Org Biomol Chem. 2005 Jun 21;3(12):2250-4. doi: 10.1039/b504112k. Epub 2005 May 17.
Single crystal X-ray diffraction studies show that the extended structure of dipeptide Boc-beta-Ala-m-ABA-OMe (m-ABA: meta-aminobenzoic acid) self-assembles in the solid state by intermolecular hydrogen bonding to create an infinite parallel beta-sheet structure. In dipeptide Boc-gamma-Abu-m-ABA-OMe (gamma-Abu: gamma-aminobutyric acid), two such parallel beta-sheets are further cross-linked by intermolecular hydrogen bonding through m-aminobenzoic acid moieties. SEM (scanning electron microscopy) studies reveal that both the peptides and form amyloid-like fibrils in the solid state. The fibrils are also found to be stained readily by Congo red, a characteristic feature of the amyloid fiber whose accumulation causes several fatal diseases such as Alzheimer's, prion-protein etc.

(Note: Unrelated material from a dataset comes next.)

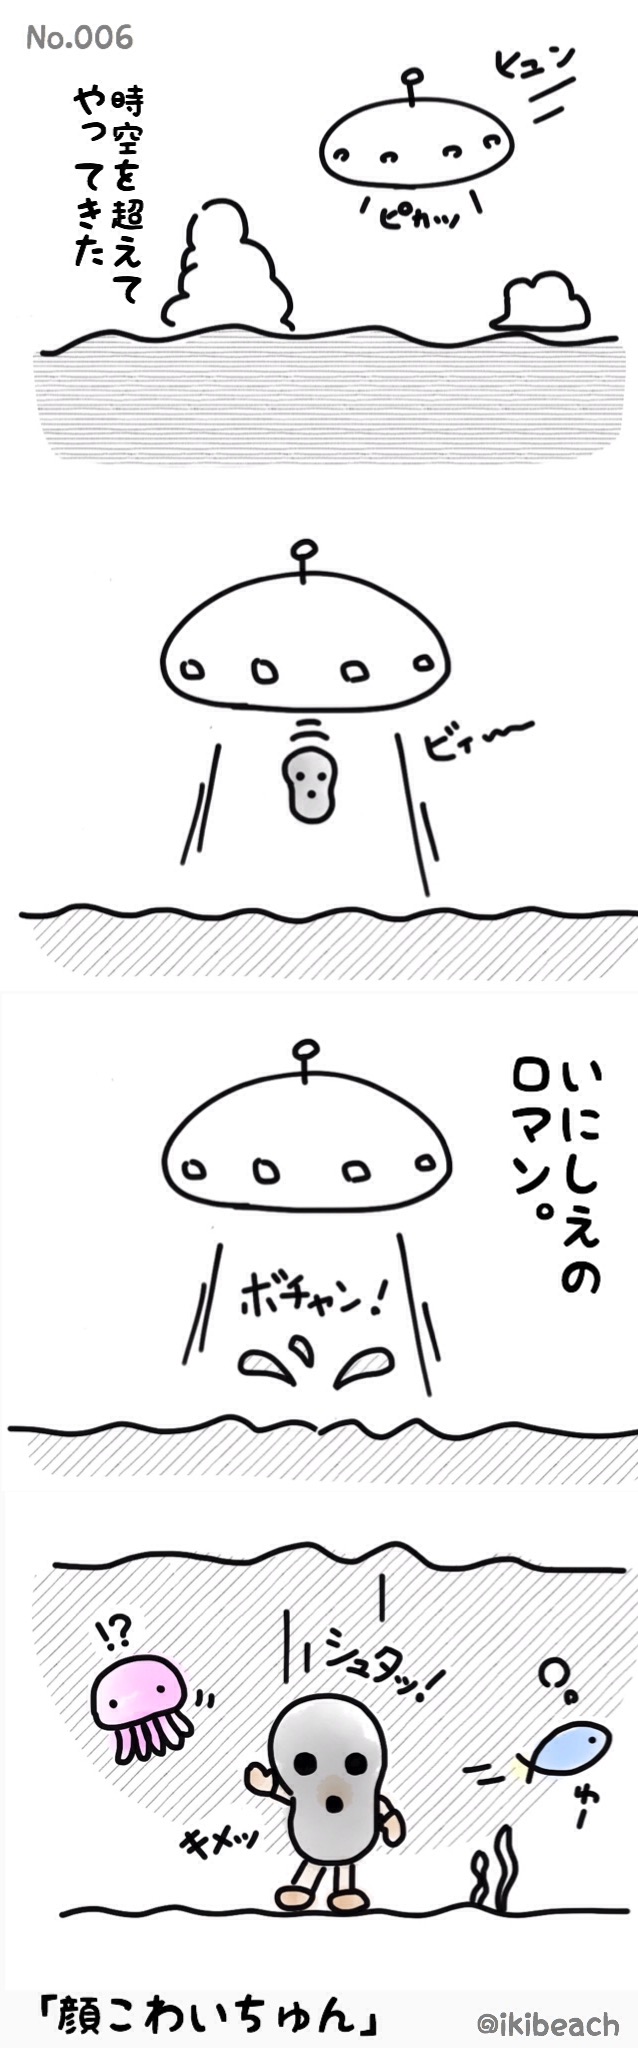 コバルト漫画「お魚だもの。」No.006『顔こわいちゅん』

单晶X射线衍射研究表明,二肽Boc-β-丙氨酸-间氨基苯甲酸甲酯(m-ABA:间氨基苯甲酸)的扩展结构在固态中通过分子间氢键自组装,形成无限平行的β-折叠结构。在二肽Boc-γ-氨基丁酸-间氨基苯甲酸甲酯(γ-Abu:γ-氨基丁酸)中,两个这样的平行β-折叠通过间氨基苯甲酸部分通过分子间氢键进一步交联。扫描电子显微镜(SEM)研究表明,这两种肽在固态下均形成淀粉样纤维。还发现这些纤维很容易被刚果红染色,这是淀粉样纤维的一个特征,其积累会导致几种致命疾病,如阿尔茨海默病、朊病毒蛋白病等。